The depth $h$ is normalized with the length $L$ in this study, where the nondimensional depth is defined as $\overline{h}=h/L$.

The comparison of the natural frequencies $f_n$ for OFPV-IIIA in Table 2 shows that the accuracy of the present numerical model is inaccurate when $\overline{h}>0.0100$, i.e., $\overline{h}=0.0333$ and $\overline{h}=0.1000.$ When $\overline{h}\le 0.0100$, the $f_n$ predicted by the present model begins to agree with its counterparts obtained from ABAQUS, and the difference between the two models reduces when $\overline{h}$ becomes smaller. Similar observations can be found for OFPV-IIIB and OFPV-IIIC, in Table 3 and Table 4, respectively. With the increase in the length $L$of the OFPV, there is an improvement in the accuracy of the present numerical model in predicting the $f_n$ of the solar farm with a thicker depth. For example, for OFPV-IIIA, in Table 2, the $f_n$predicted by the present numerical model is acceptable for $h\le 0.060\mathrm{m}$ but for OFPV-IIIB, the $f_n$ predicted by the present model is in good agreement with its counterparts from ABAQUS up to $h=0.2000\mathrm{m}$. Therefore, this implies that the present thin plate model is accurate for a small plate thickness-to-length ratio, i.e., $\overline{h}$. As the OFPVs considered in OFPV-I and OFPV-II have a small $\overline{h}$, the present model can thus be used for hydroelasticity modelling. The free vibration analysis for OFPV-I is given in the next section.
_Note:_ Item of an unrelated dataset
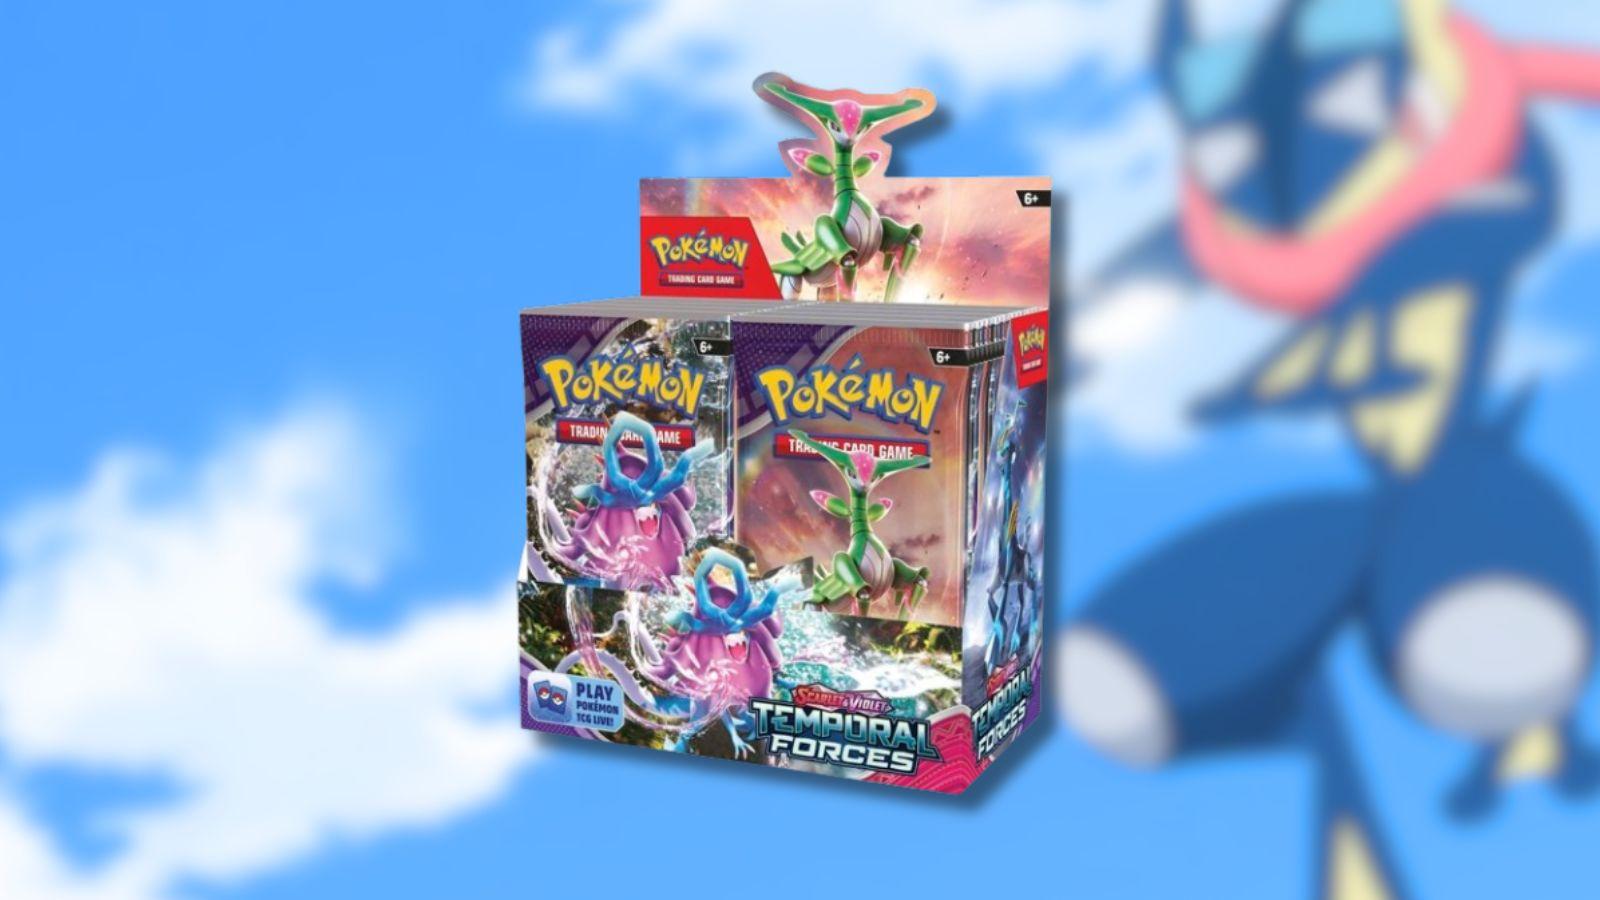 Greninja and Temporal Forces Booster Box Display.

5.2. Vibration Modes and Natural Frequencies of OFPV-I

The natural frequencies of OFPV-I obtained from the present method and ABAQUS are presented in Table 5. Similar to the previous section, the natural frequencies and vibration modes are obtained by solving the eigenvalue problems $\left(32\right)$. The natural frequencies obtained from the present method are found to be in good agreement with their counterparts predicted by ABAQUS. The comparisons of the vibration modes between the present method and ABAQUS for OFPV-IA, OFPV-IB, and OFPV-IC are presented in Figure 6. The results show that the vibration modes obtained from these two models are similar to each other, thus further validating the accuracy of the present model.

Table 5. Comparison of natural frequency between present model with ABAQUS for OFPV-I ($h=0.2000\mathrm{m}$, ${\mathsf{\Delta }}_e=0.2\mathrm{m}$).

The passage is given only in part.